VOA reporters in the city say the death toll is likely to rise because the number of the dead bodies and recovery of those injured remained unavailable.
Al-Shabab, the al-Qaida-affiliated militant group, claimed responsibility for Thursday's twin blasts and the siege of the building.
The assault started Thursday night when the militants detonated twin car bomb outside hotels and restaurants along the city's main Maka al-Mukarama road.
Within an hour of the blasts, armed militants started firing and hurling hand grenades from a nearby residential building.
Somali security officials believe the militants missed their target, which likely was one of the hotels in the area, and mistakenly went into another building for cover.

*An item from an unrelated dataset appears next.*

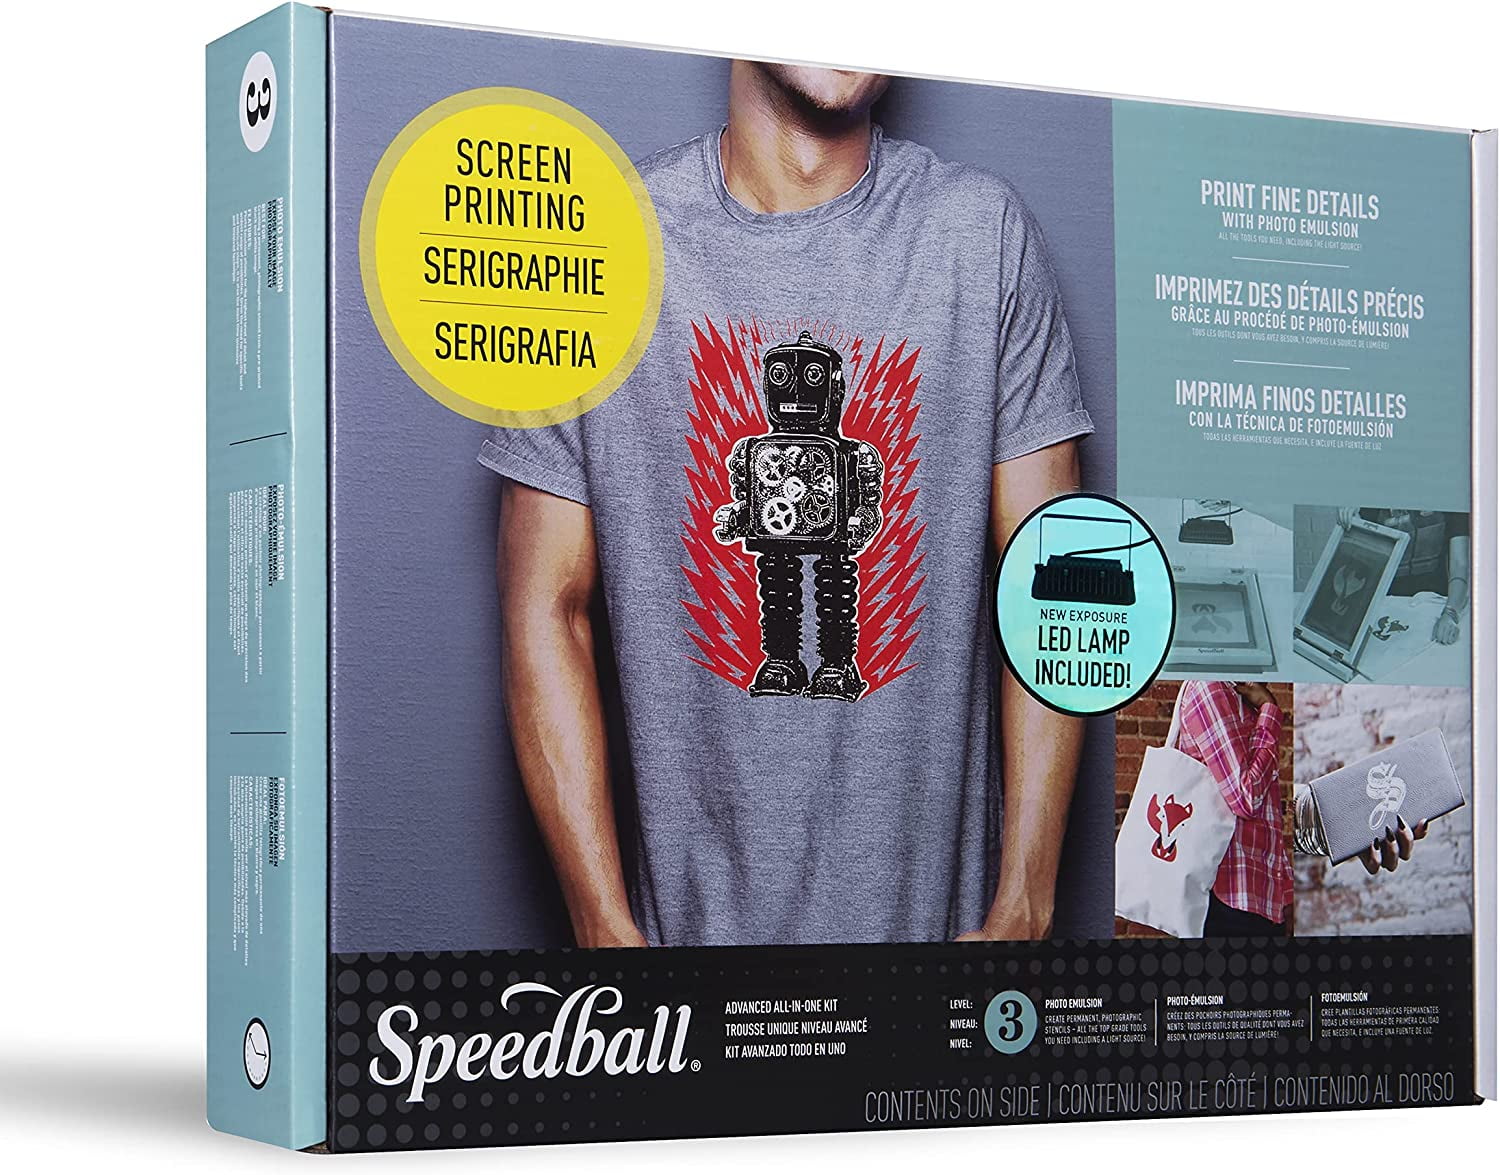 Sammentræf Tilståelse Underholde Speedball Advanced All-In-One Screen Printing Kit, Includes 4 inks in  Black, Red, White, Blue - Walmart.com

"Somali security forces typically have been known to end such militants' sieges in the city within a few hours, but this 24-hour operation is the longest ever, and it shows there is security negligence," said Abdisalam Guled, former deputy of the Somali National Security Agency.
Speaking to state-run radio, Somali Information Minister Dahir Mohamud Guelleh said flushing militants out of the building was not easy.

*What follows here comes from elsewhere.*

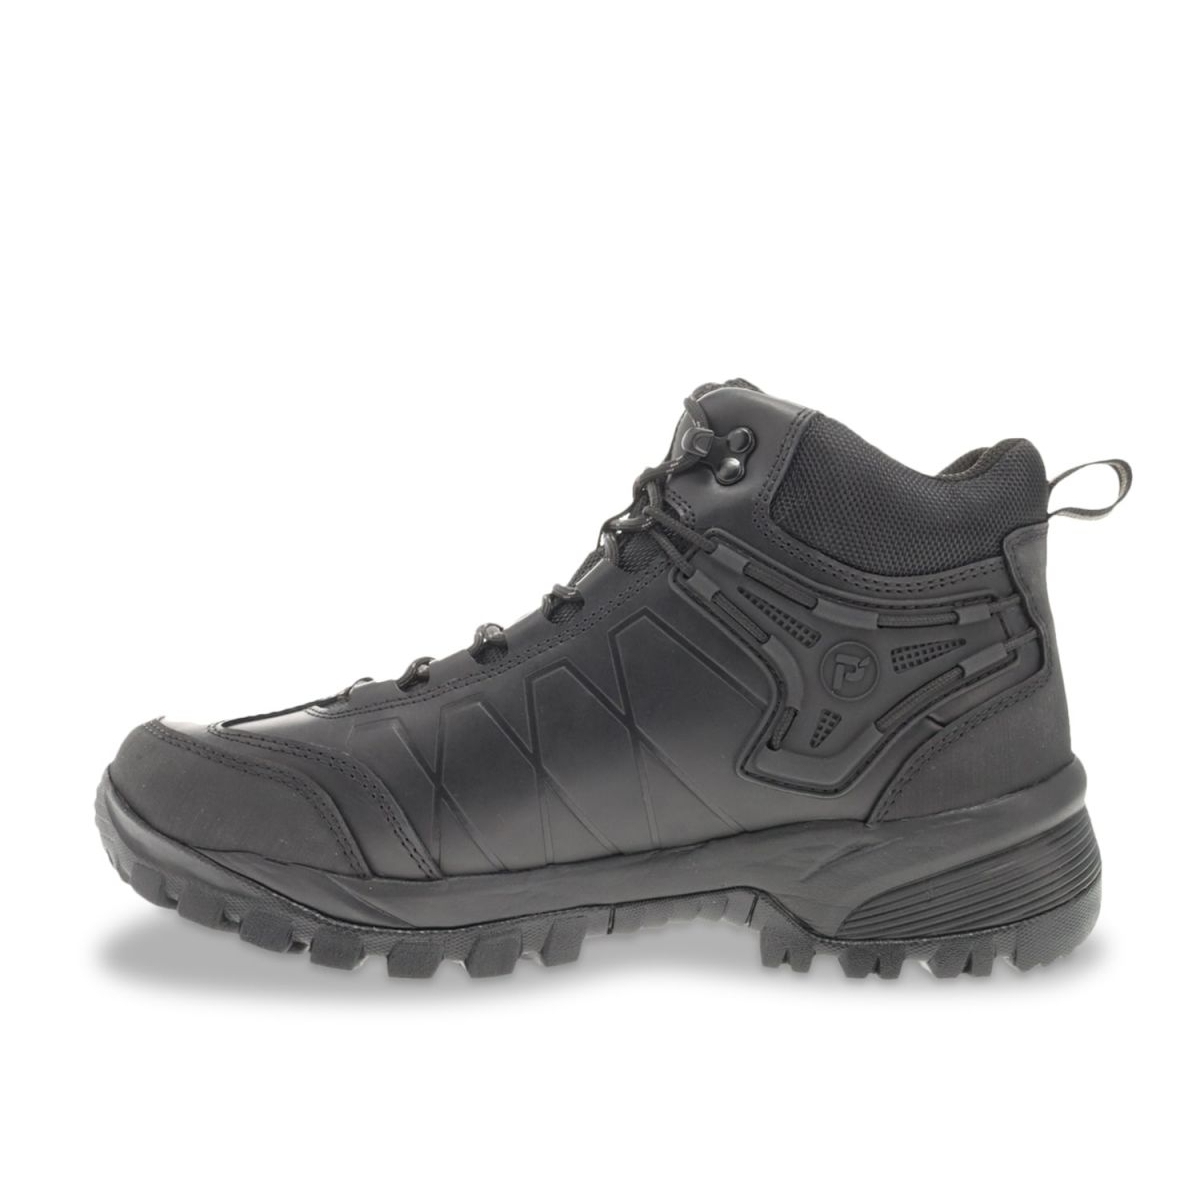 Propet Men's Ridge Walker Force Hiking Boots Black - MBA052LBLK BLACK - BLACK, 14

"The operation was supposed to end quickly, but the fact the militants were desperately holding a number of civilians as human shields made it difficult for the security forces to intensify their operation," Guelleh said.
The group has been fighting to overthrow a Western-backed federal government that is protected by 22,000 African Union-mandated peacekeepers.
Fight against al-Shabab
Al-Shabab lost most of its strongholds in south and central Somalia to military forces from the Somali National Army and the African Union.
The movement and mobilization of a large portion of al-Shabab military attacks also were weakened by a dramatic increase in the number of U.S. airstrikes.
In 2018, the U.S. military command for Africa reportedly carried out 50 raids against the militants. As of Tuesday, U.S. raids in 2019 targeted the militants 23 times, including one in central Somalia on Tuesday that killed 20 terrorists and destroyed one vehicle.
Despite the continued military pressure on the terror group, it continues to carry out assassinations and blasts in Mogadishu.
Last month, militants assassinated the country's Deputy Attorney General Mohamed Mursal, and the oldest Federal lawmaker, Osman Ilmi Boqorre.